Le député de Laprairie et président du caucus, Serge Geoffrion, ne s'est pas gêné pour évoquer le spectre de l'insécurité économique qui suivrait l'élection d'un gouvernement adéquiste. «Il y a beaucoup de gens d'affaires qui commencent à nous poser des questions sur un éventuel gouvernement de M. Dumont. Ils sont inquiets de l'avenir», a soutenu M. Geoffrion.

La capacité de gouverner des adéquistes est mise en doute. «La gouvernance dès le début souffrirait beaucoup de leur inexpérience et aussi de leur tendance à la démagogie», a fait valoir le ministre des Transports, Serge Ménard. C'est en démontrant à la population que les péquistes sont beaucoup plus expérimentés que les adéquistes et qu'ils peuvent ainsi mieux assurer l'avenir du Québec que le Parti québécois pourra reprendre l'initiative, estime M. Ménard.

Au caucus de ses députés, le premier ministre a présenté un plan d'action gouvernemental dont il sera question au conseil des ministres aujourd'hui. M. Landry s'est fait avare de détails, les réservant pour le début de septembre.

Il a toutefois révélé que ce plan d'action contiendra des objectifs économiques que le gouvernement promettra d'atteindre. «Nous avons, contrairement à une longue perception, détrôné complètement le Parti libéral comme parti du développement économique», a-t-il dit, rappelant qu'il s'était créé au Québec 125 000 emplois en six mois et que le taux d'activité de la population atteignait un sommet inégalé, à près de 70 %. Le gouvernement Landry cherche à capitaliser sur cette bonne performance économique, sans y parvenir pour l'heure.

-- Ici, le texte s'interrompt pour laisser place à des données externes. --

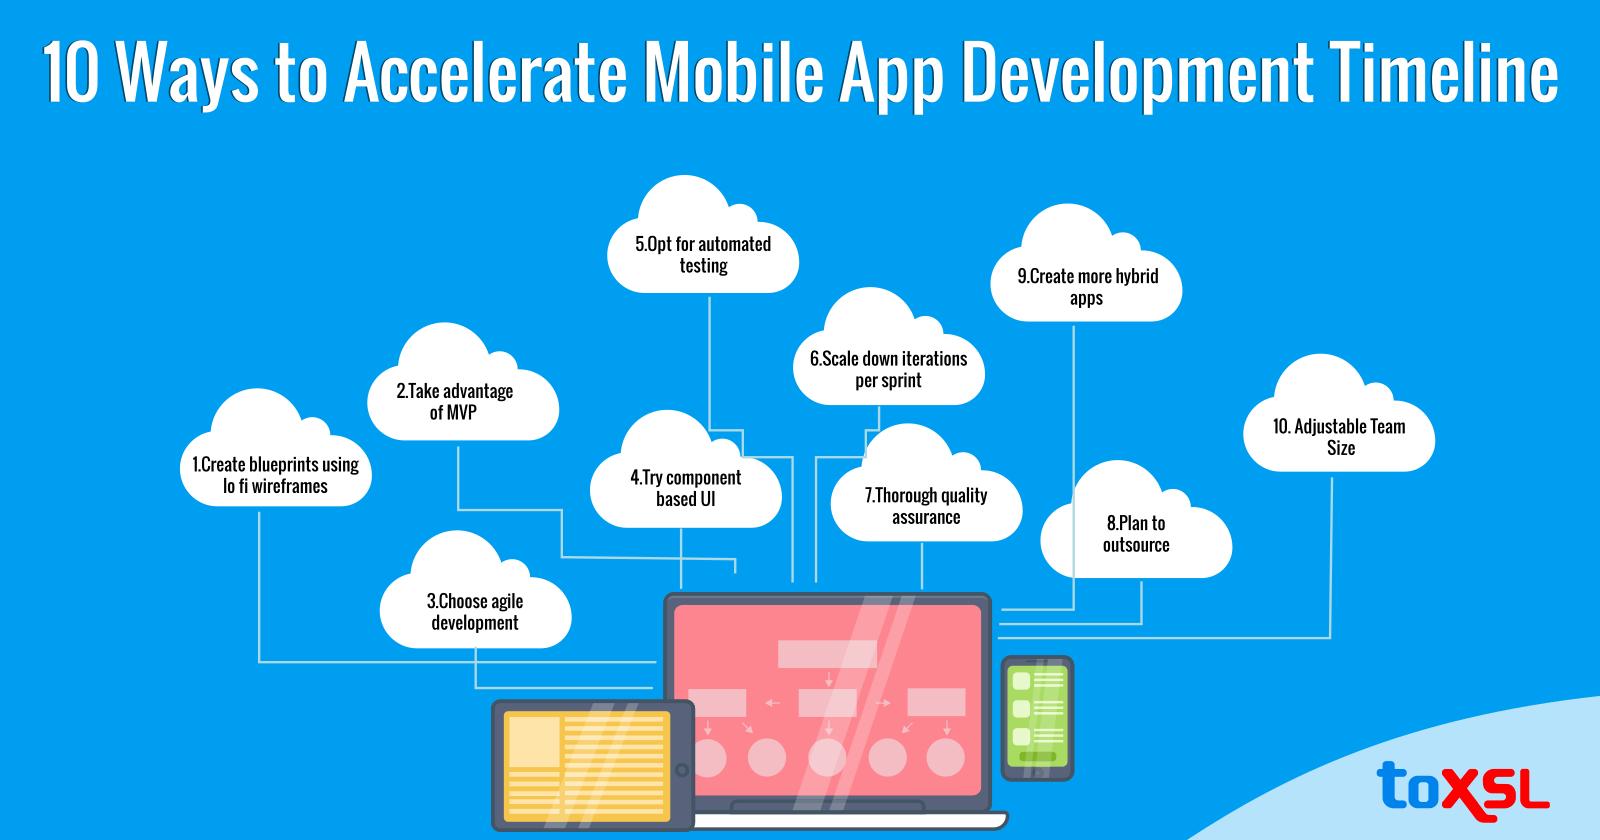 10 Ways to Accelerate Mobile App Development Timeline

Le premier ministre a cité aussi les annonces du gouvernement en matière d'environnement faites cet été (interdiction des pesticides, gel sur les nouvelles porcheries et désignation d'aires protégées), la loi spéciale sur la santé, l'union civile et le consensus atteint lors de la Conférence des premiers ministres provinciaux à Halifax.

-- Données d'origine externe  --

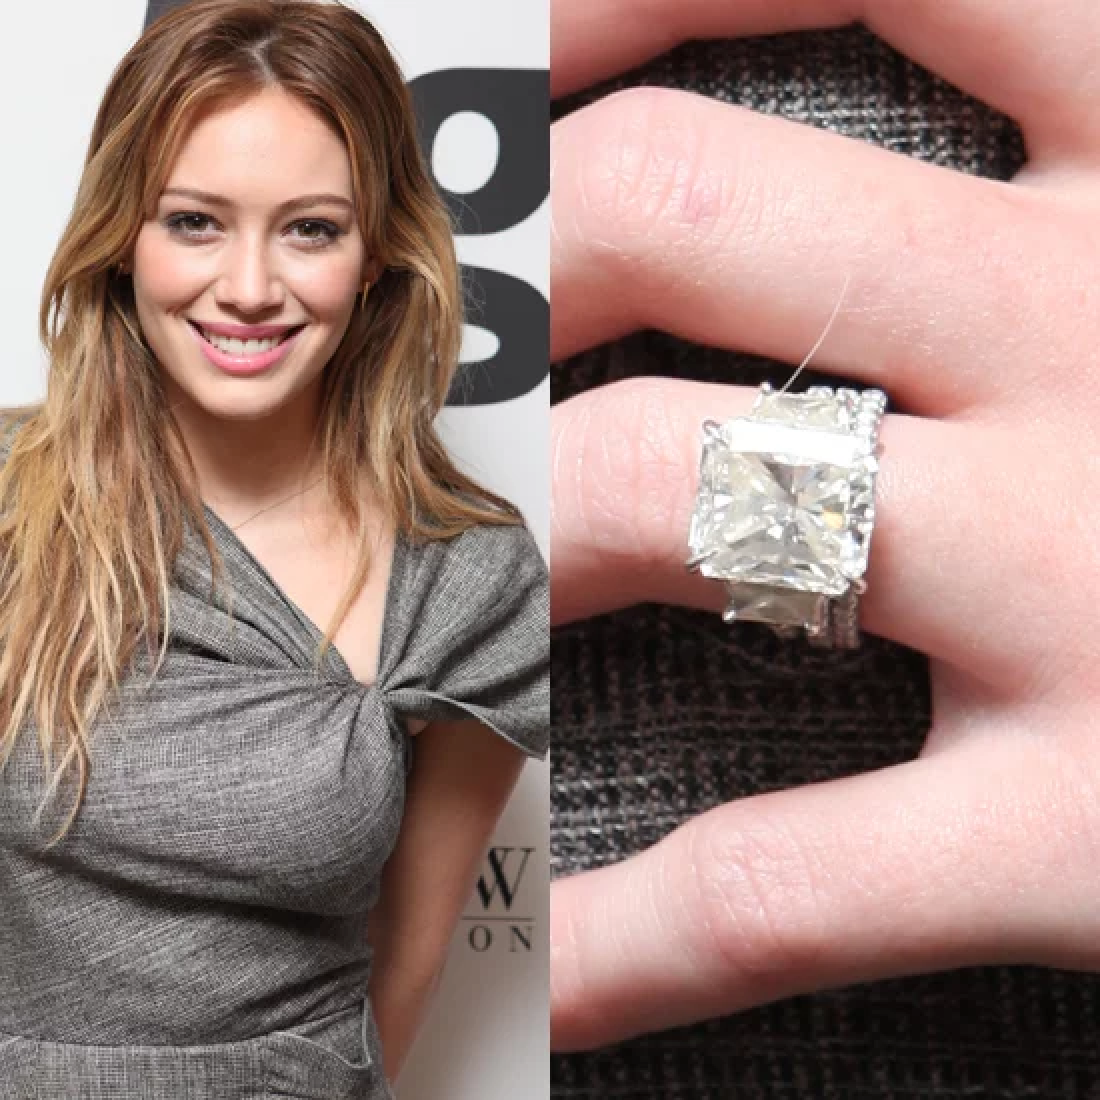 Celebrity Jewelry: Hilary Duff Prefers a Beautiful Emerald Cut Diamond Ring

Le gouvernement Landry tentera de remettre le projet souverainiste sur ses rails et de le replacer au coeur de son action. «Oui, il y aura un référendum au cours du prochain mandat si nous avons l'assurance morale de pouvoir gagner un référendum», a-t-il dit, réitérant sa position. L'objectif d'arriver au Sommet des peuples en 2005 à Buenos Aires à titre de pays souverain sera renforcé «parce que c'est au coeur de notre engagement politique et que ce n'est pas vrai que cette nation aura discuté de son indépendance pendant 40 ans pour faire comme si rien n'était arrivé et oublier cela». Il y voit encore «le courant politique le plus profond au Québec actuellement et le plus puissant».

M. Landry a lancé un appel aux millions de souverainistes québécois. «Nous ne pouvons pas mettre ce combat en veilleuse parce qu'on ne sait jamais le jour où il deviendra impossible à mener», a-t-il dit.

Tandis que Serge Geoffrion tentait de minimiser les craintes que peut susciter la montée de l'ADQ dans la faveur populaire, le député de Matane, Matthias Rioux, a reconnu que la réélection du PQ dans les circonscriptions à forte proéminence francophone est loin d'être assurée. Le PQ n'est pas en difficulté dans Matane, «un comté sûr», a dit M. Rioux, mais «ce n'est pas le cas dans les autres» circonscriptions du Bas-Saint-Laurent et de la Gaspésie.

Le député de Matane croit que le PQ doit s'affirmer «résolument» comme un parti souverainiste et social-démocrate. À cet égard, les moyens pour parvenir à la souveraineté devront être précisés en vue des prochaines élections et l'option souverainiste ne pourra pas être balayée sous le tapis. «On ne peut pas réalistement aller devant le peuple québécois sans leur parler de souveraineté, a dit M. Rioux. Si on n'en parle pas, c'est une erreur et si on ne fait pas de référendum, c'est une autre erreur.»

Pour le ministre d'État à la Santé et aux Services sociaux, François Legault, cependant, le gouvernement péquiste ne peut aller plus vite que la population. Entre-temps, d'autres enjeux s'imposent. M. Legault en appelle à un «vrai débat d'idées» pour contrer l'ADQ. «On a au Québec des décisions importantes à prendre. Est-ce qu'on veut protéger les acquis de la Révolution tranquille? Est-ce qu'on veut assurer les coûts des programmes sociaux qu'on a mis en place depuis la Révolution tranquille ou si on veut se laisser porter par ce vent de droite vers une société plus individualiste?»